■ **Work instruction**
A precise copy of the data is required, with every picture left out.

==== Raw data

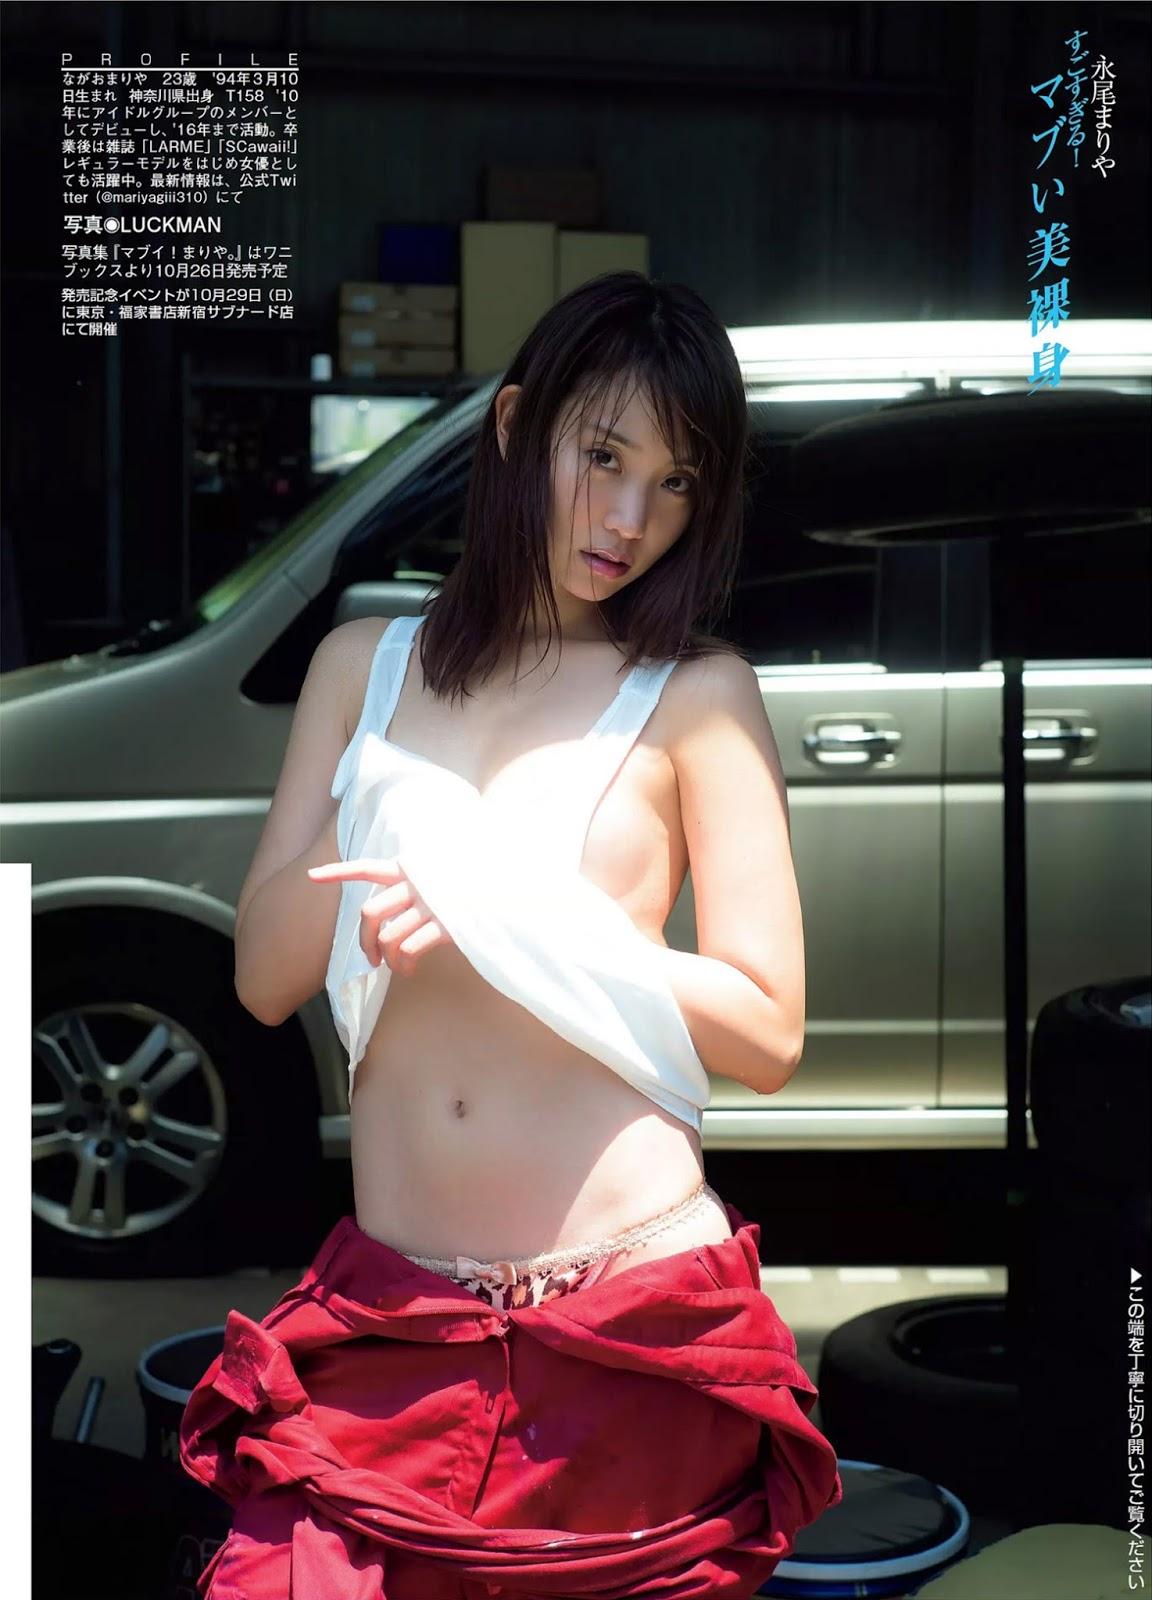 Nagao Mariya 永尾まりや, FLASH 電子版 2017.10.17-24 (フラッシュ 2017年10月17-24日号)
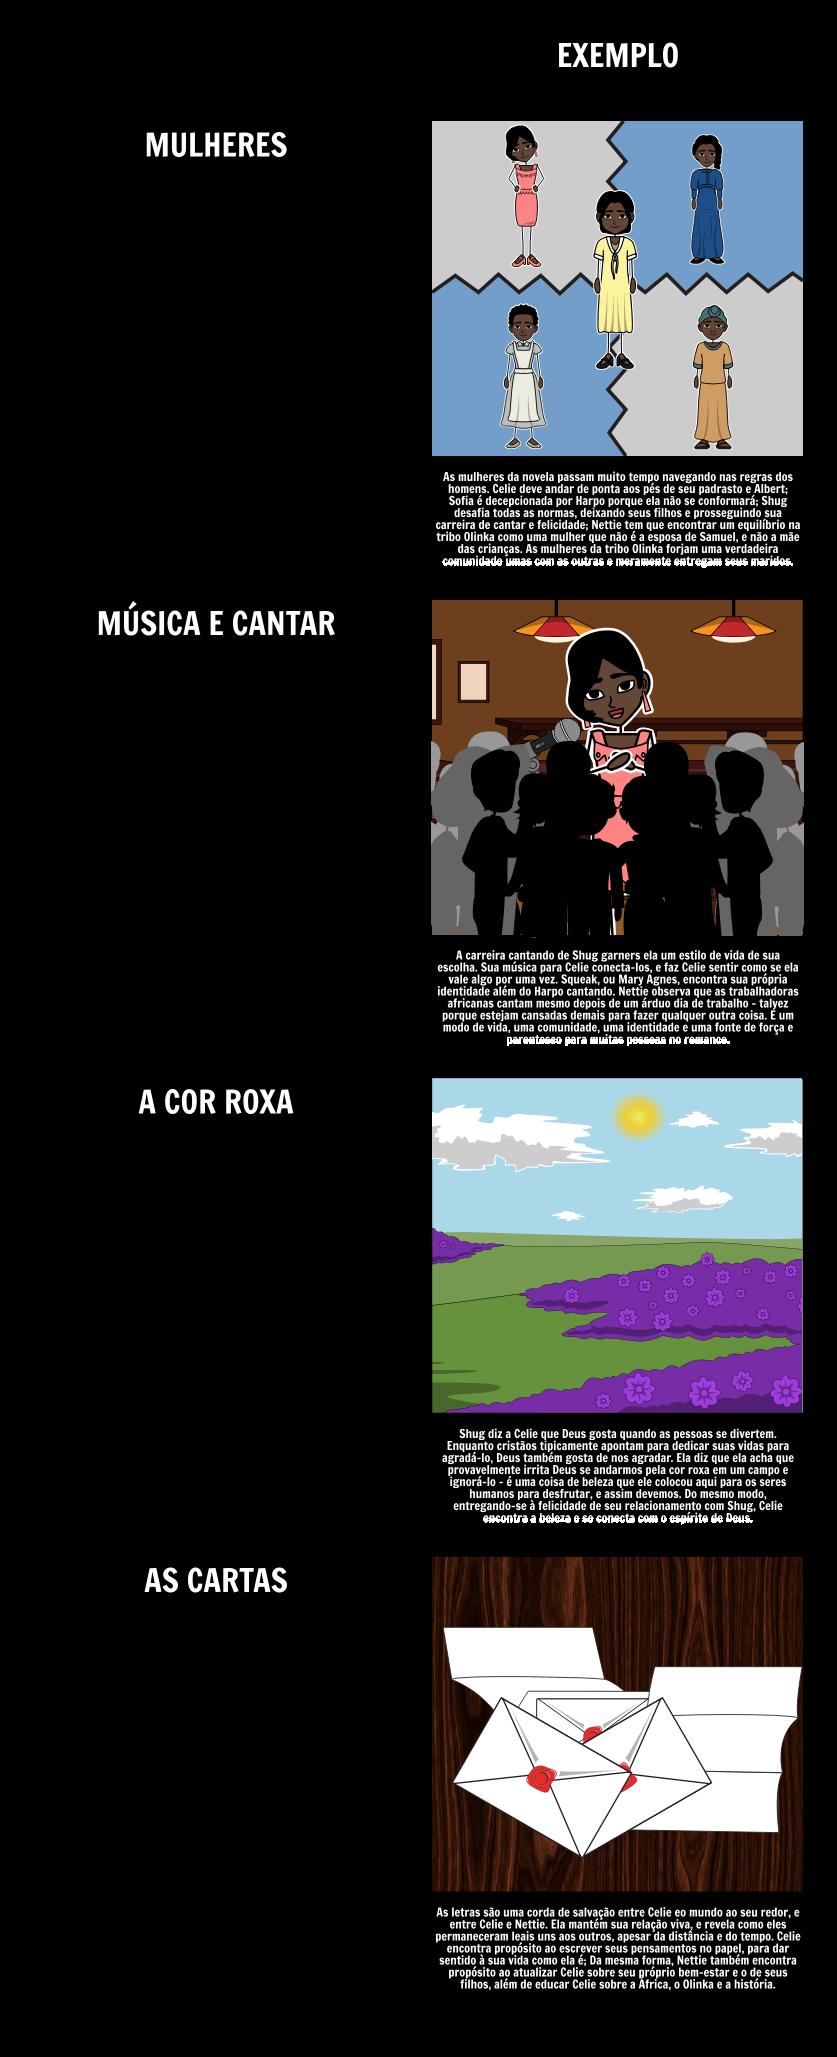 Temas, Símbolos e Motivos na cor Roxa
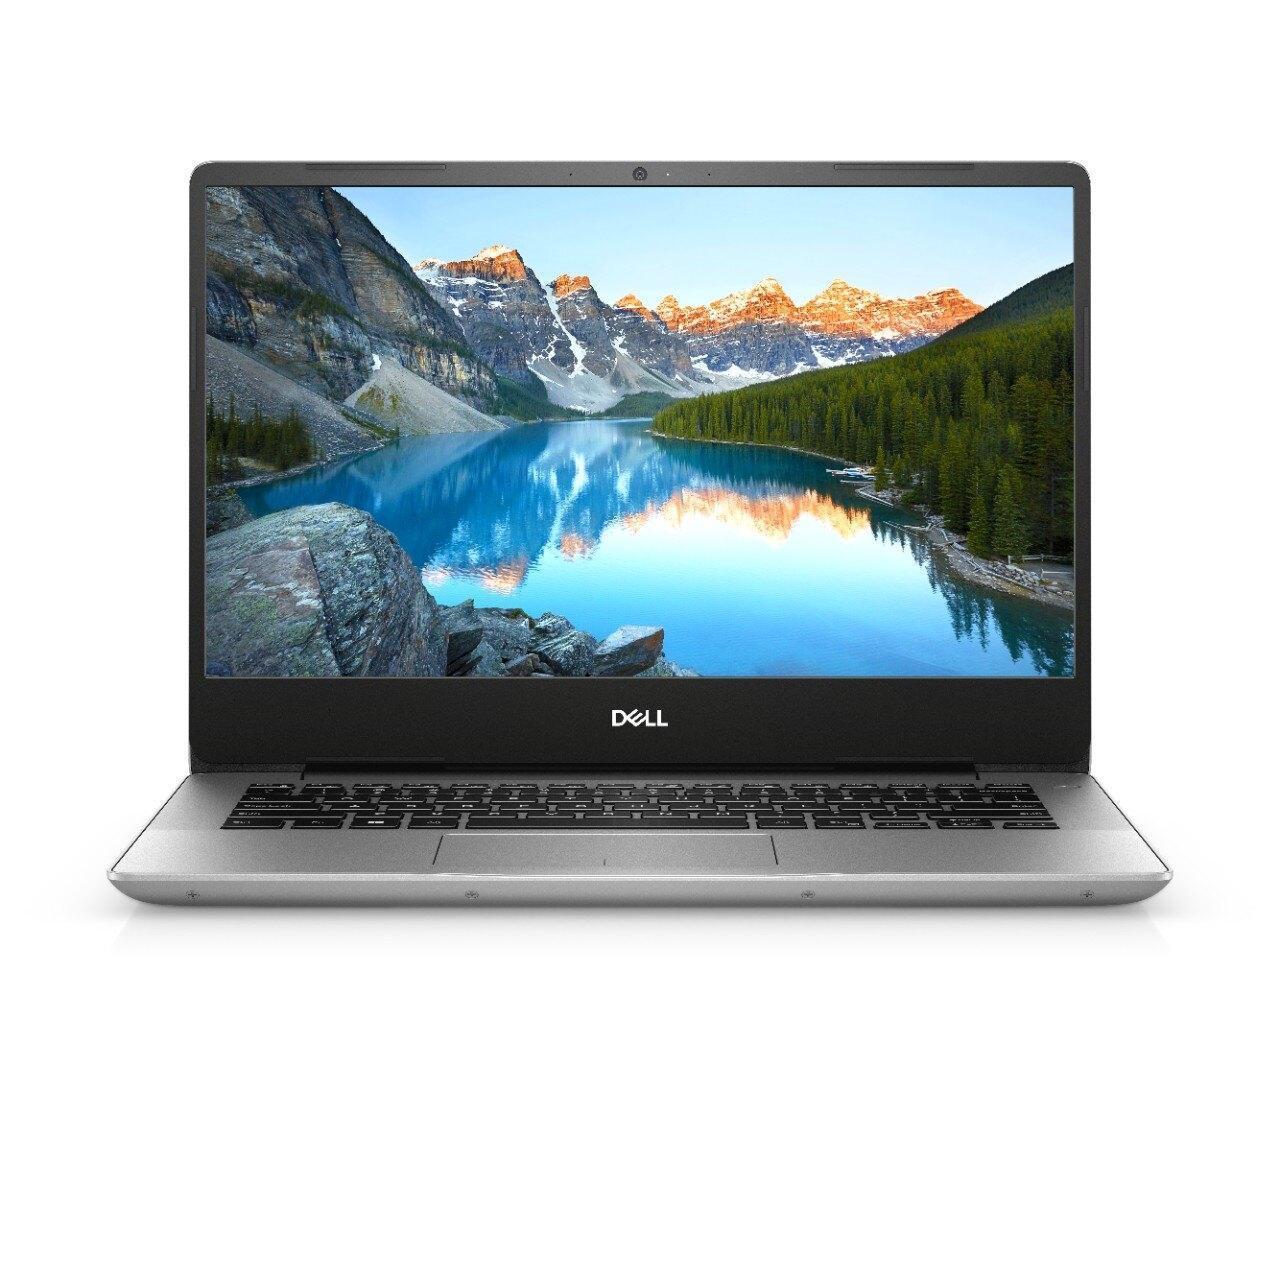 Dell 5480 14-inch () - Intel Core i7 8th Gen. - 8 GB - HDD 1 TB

========

■ **Output**
 Nagao Mariya 永尾まりや, FLASH 電子版 2017.10.17-24 (フラッシュ 2017年10月17-24日号)
 Temas, Símbolos e Motivos na cor Roxa
 Dell 5480 14-inch () - Intel Core i7 8th Gen. - 8 GB - HDD 1 TB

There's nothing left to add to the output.